Data segment
☆ ☆ ☆ ☆
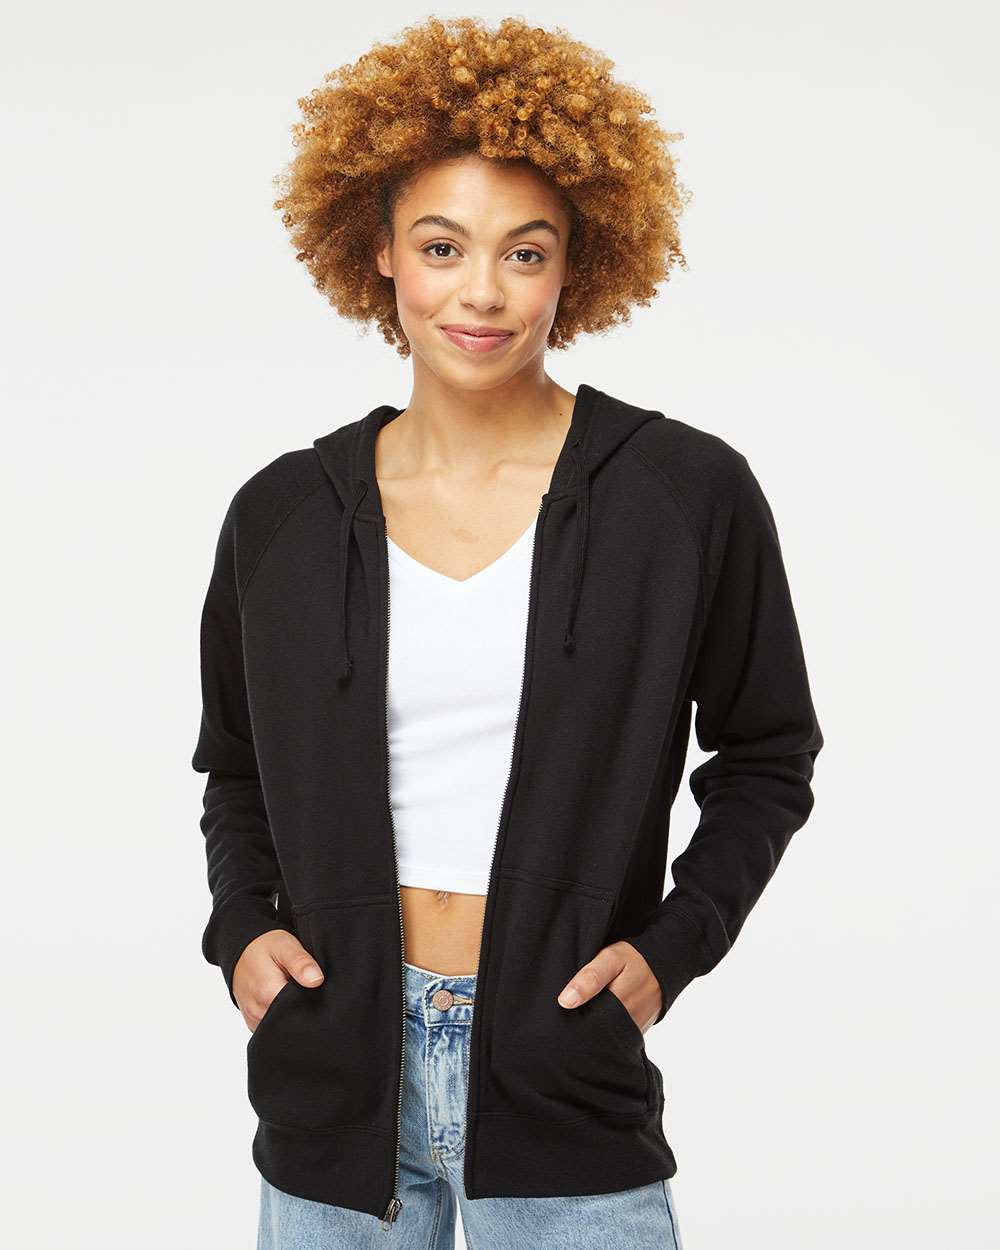 [NEW] Independent Trading Co. Unisex Special Blend Raglan Full-Zip Hooded Sweatshirt
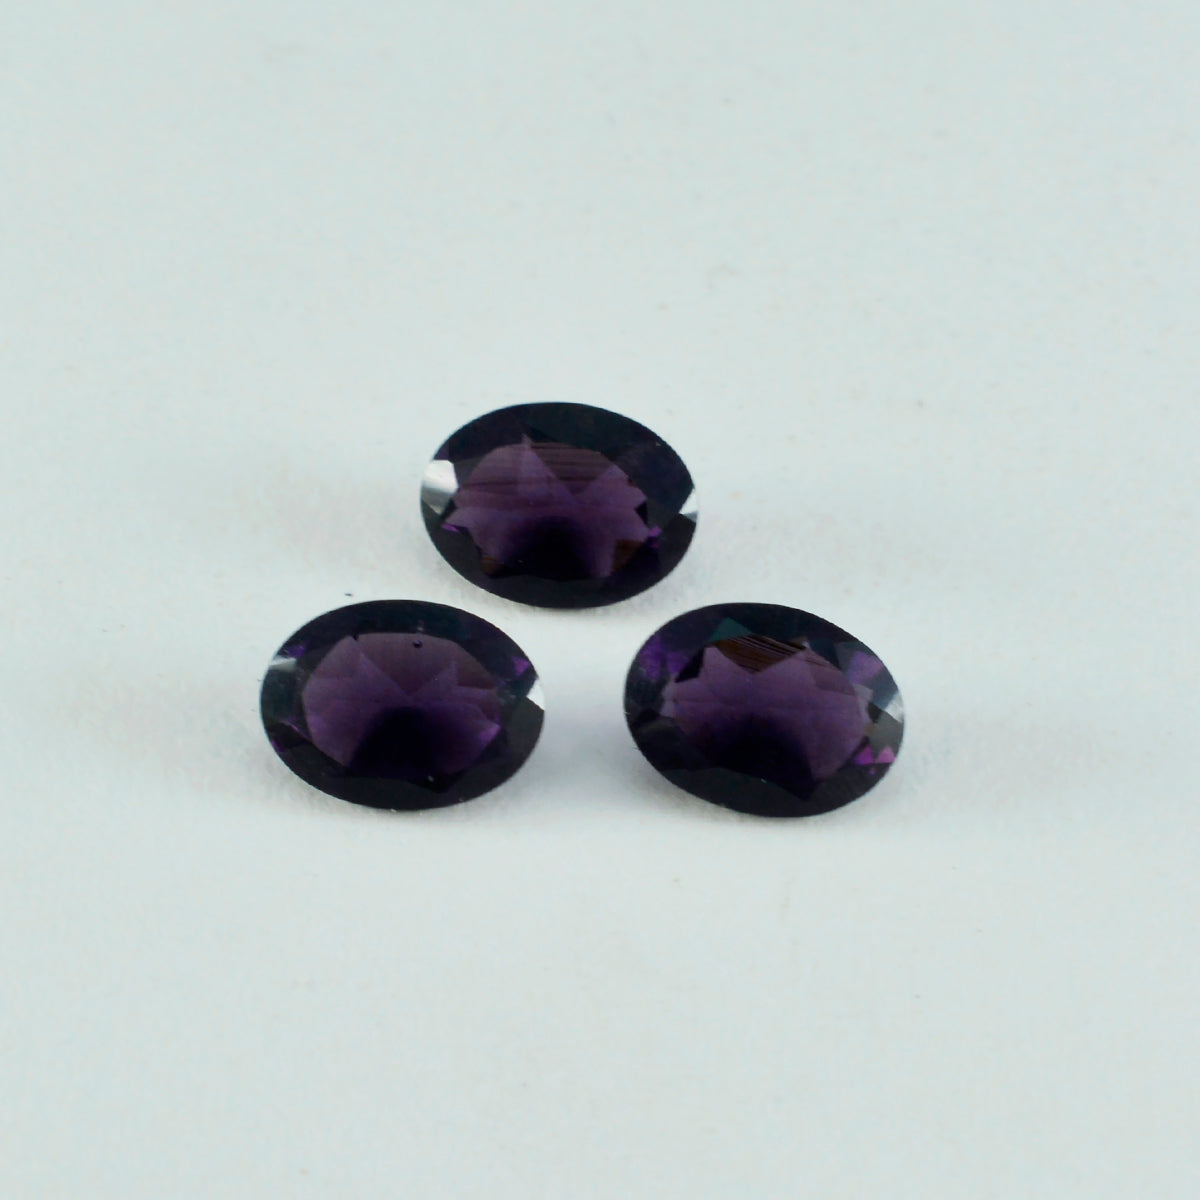 Riyogems 1PC Purple Amethyst CZ Faceted 7x9 mm Oval Shape startling Quality Stone
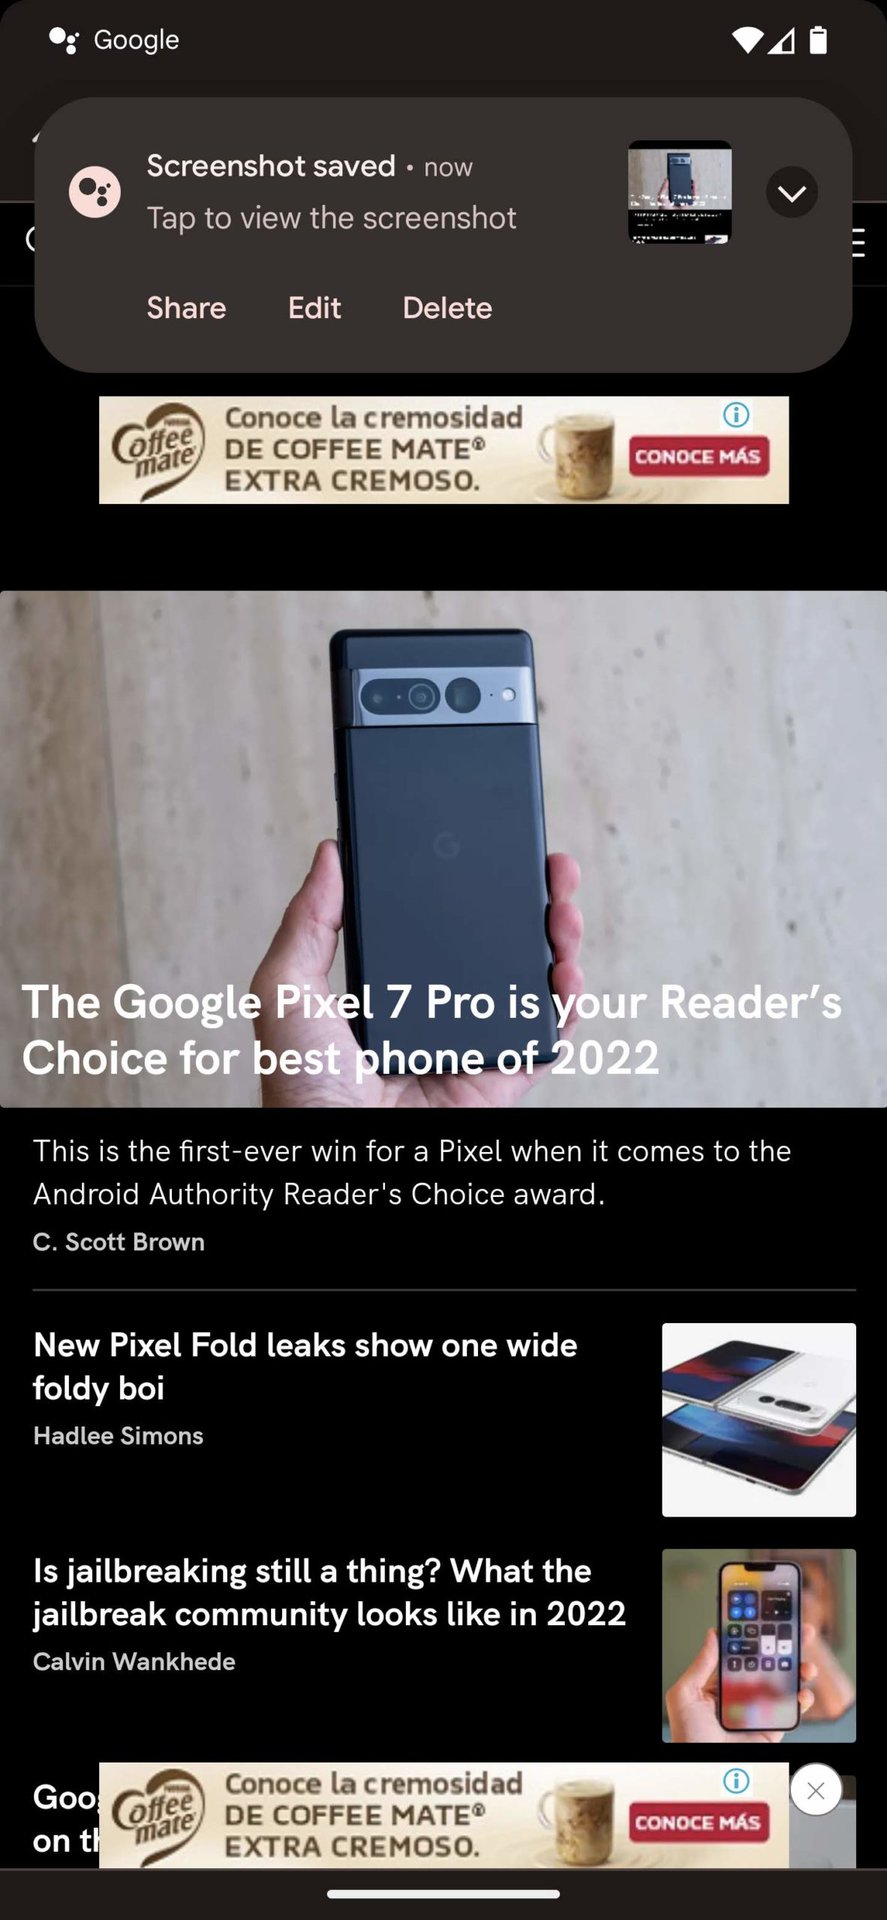 Take a screenshot on Pixel 7 using Google Assistant 4
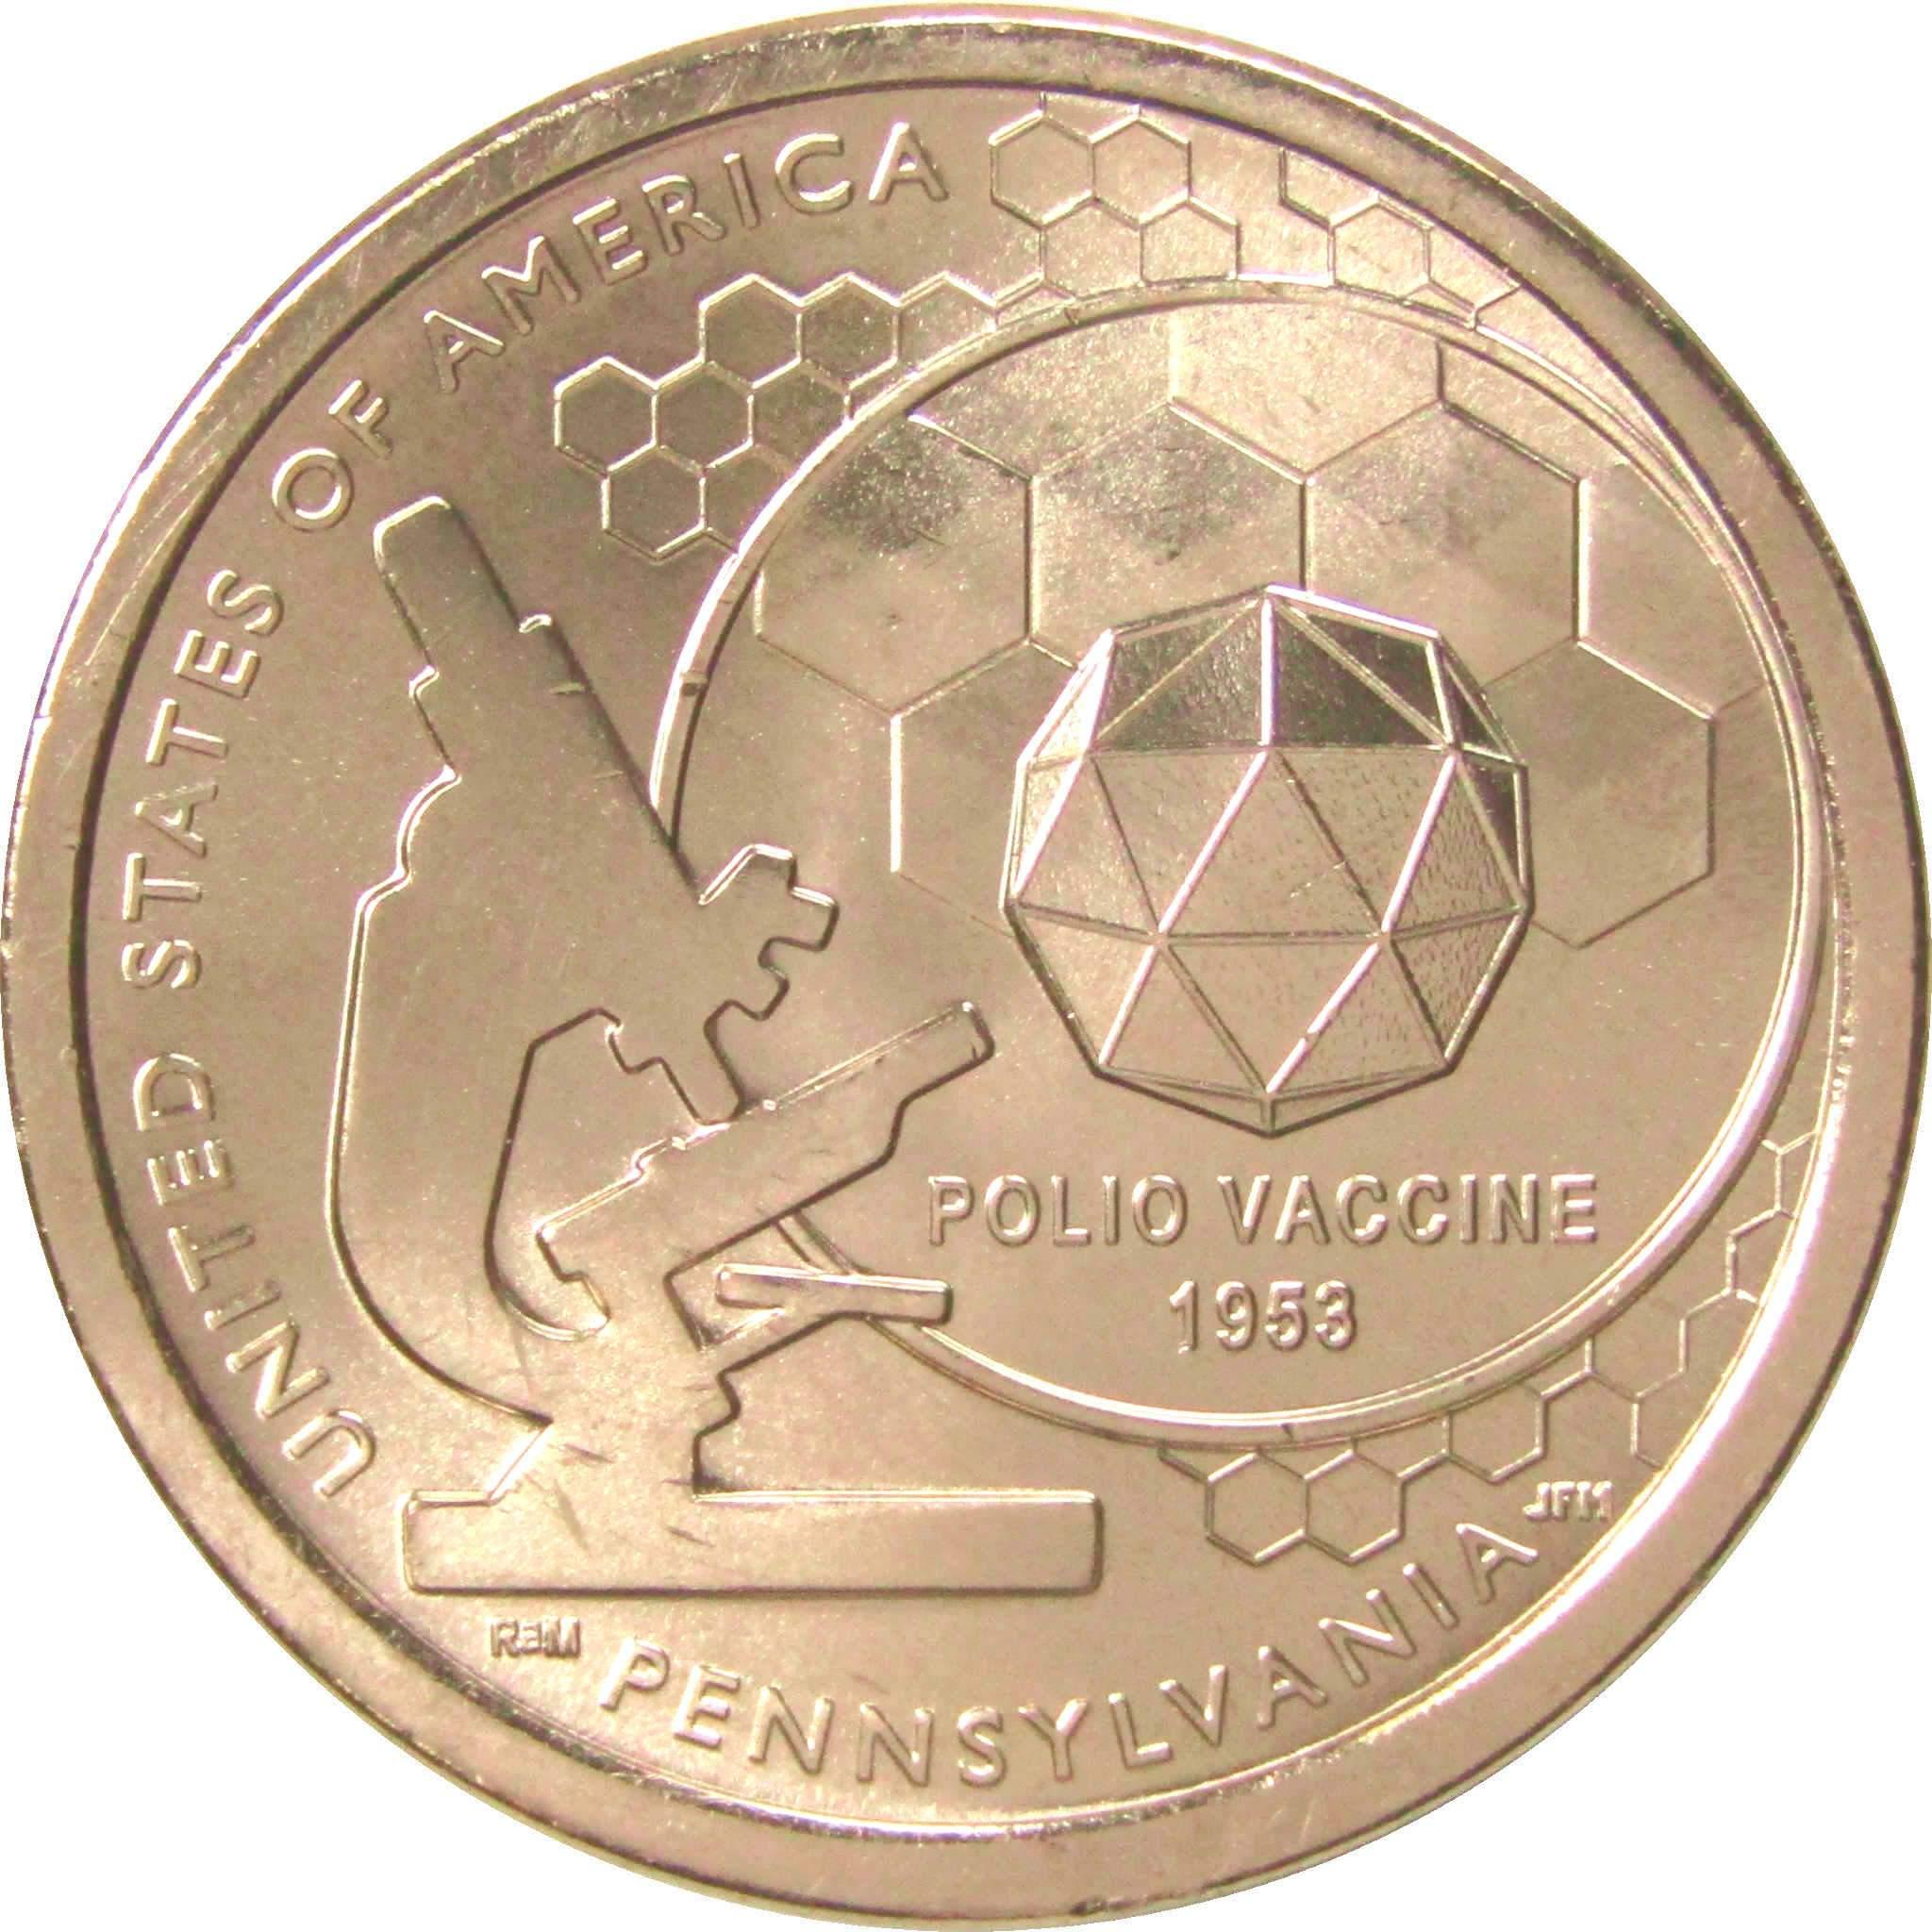 2019 P Pennsylvania American Innovation Dollar BU Uncirculated Mint State Coin
☆ ☆ ☆ ☆
Work task
Set down the whole listing exactly as given, except for the pictures.

Solution to this exercise
 [NEW] Independent Trading Co. Unisex Special Blend Raglan Full-Zip Hooded Sweatshirt
 Riyogems 1PC Purple Amethyst CZ Faceted 7x9 mm Oval Shape startling Quality Stone
 Take a screenshot on Pixel 7 using Google Assistant 4
 2019 P Pennsylvania American Innovation Dollar BU Uncirculated Mint State Coin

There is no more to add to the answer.